1. Slewing bearing is a core component of wind turbines and its failure can cause serious accidents. Prognostics is used to predict the time at which a component will no longer perform its intended function and minimize maintenance cost.

2. Many researchers have used various methods such as SVM, PCA, LSSVM, SVDD, GMM, PKPCA, EWMA, GPR, MMFD-FCM, AE-LLE, NN algorithm, ARIMA and RNN to predict the residual life of slewing bearings.

3. This article proposes an effective residual life prediction method based on similarity which takes into account differences in working conditions and structures of slewing bearings.

Article analysis:

The article provides an overview of existing research on predicting the residual useful life (RUL) of slewing bearings using various methods such as SVM, PCA, LSSVM, SVDD, GMM, PKPCA, EWMA, GPR, MMFD-FCM, AE-LLE , NN algorithm , ARIMA and RNN . The article then proposes a new method based on similarity for predicting the RUL of slewing bearings that takes into account differences in working conditions and structures of slewing bearings.
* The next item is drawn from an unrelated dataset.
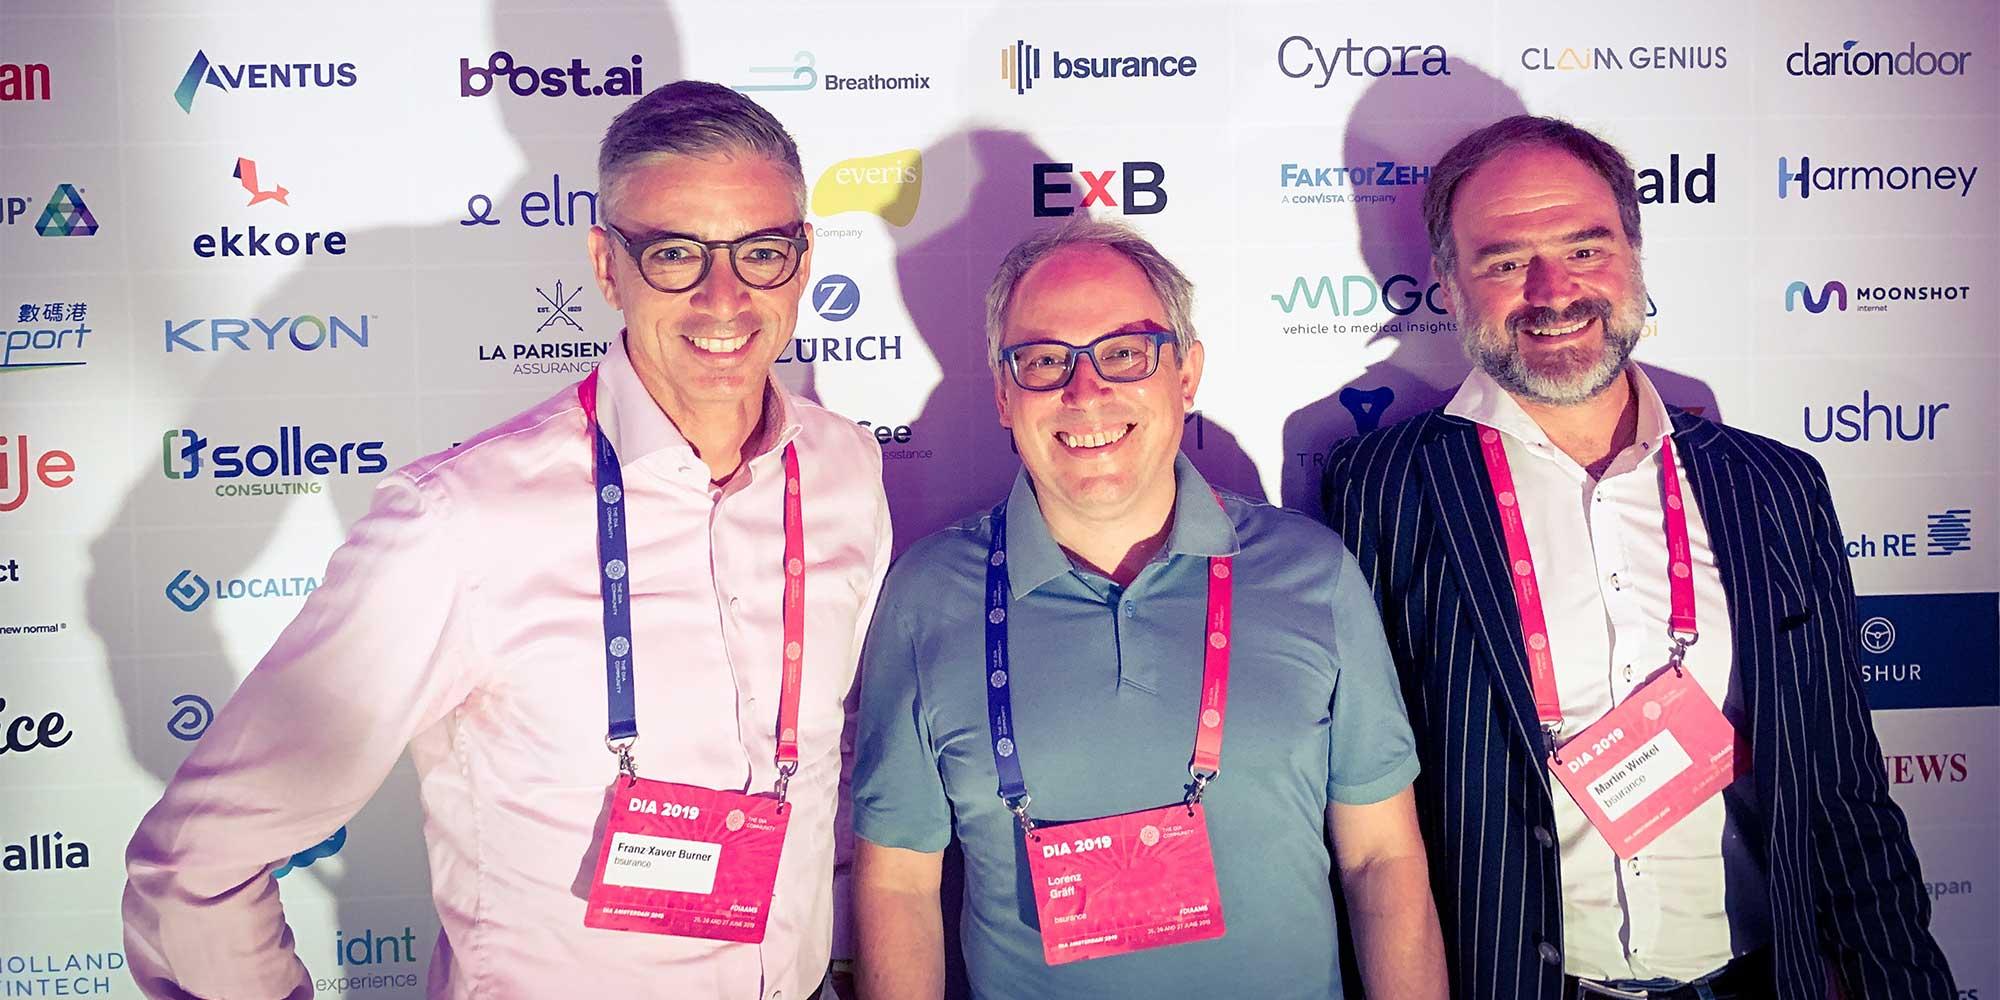 Team bsurance auf der Digital Insurance Agenda Amsterdam 2019

The article is generally reliable and trustworthy as it provides a comprehensive overview of existing research on predicting the RUL of slewing bearings using various methods. The authors also provide evidence for their claims by citing relevant research papers throughout the article. Furthermore, the authors present both sides equally by discussing both advantages and shortcomings of existing methods for predicting RULs.

However there are some potential biases in the article that should be noted. For example there is no discussion about possible risks associated with using these methods or any potential limitations that may arise from using them. Additionally there is no mention of any unexplored counterarguments or missing points of consideration when discussing existing methods for predicting RULs.
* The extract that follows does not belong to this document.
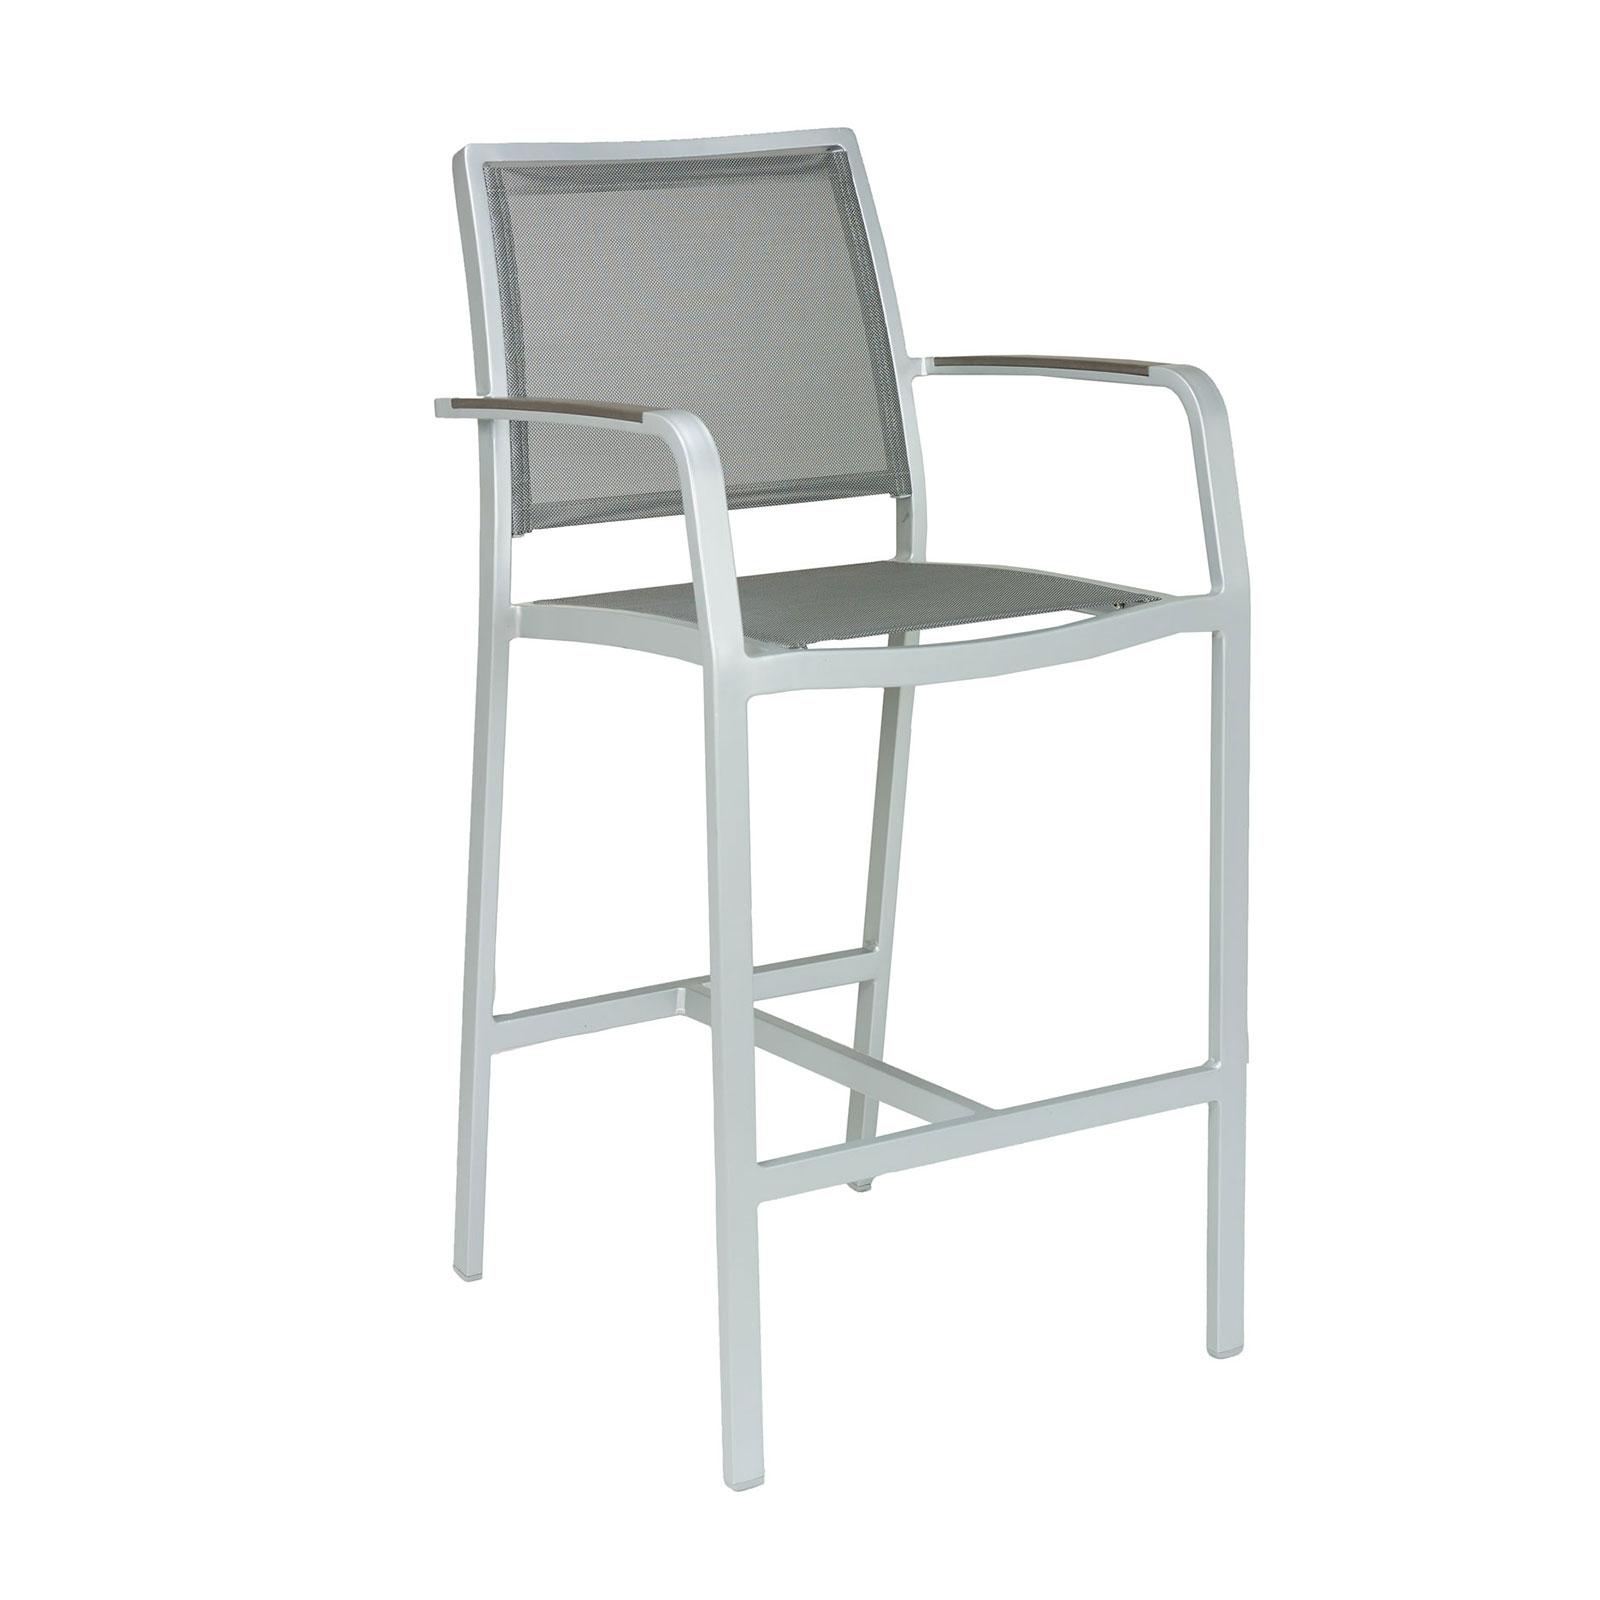 Florida Seating BAL-5724A bar stool, outdoor

In conclusion this article provides a comprehensive overview of existing research on predicting the RULs of slewing bearings using various methods while also proposing a new method based on similarity for doing so. However there are some potential biases that should be noted such as lack of discussion about possible risks associated with these methods or any unexplored counterarguments or missing points of consideration when discussing existing methods for predicting RULs.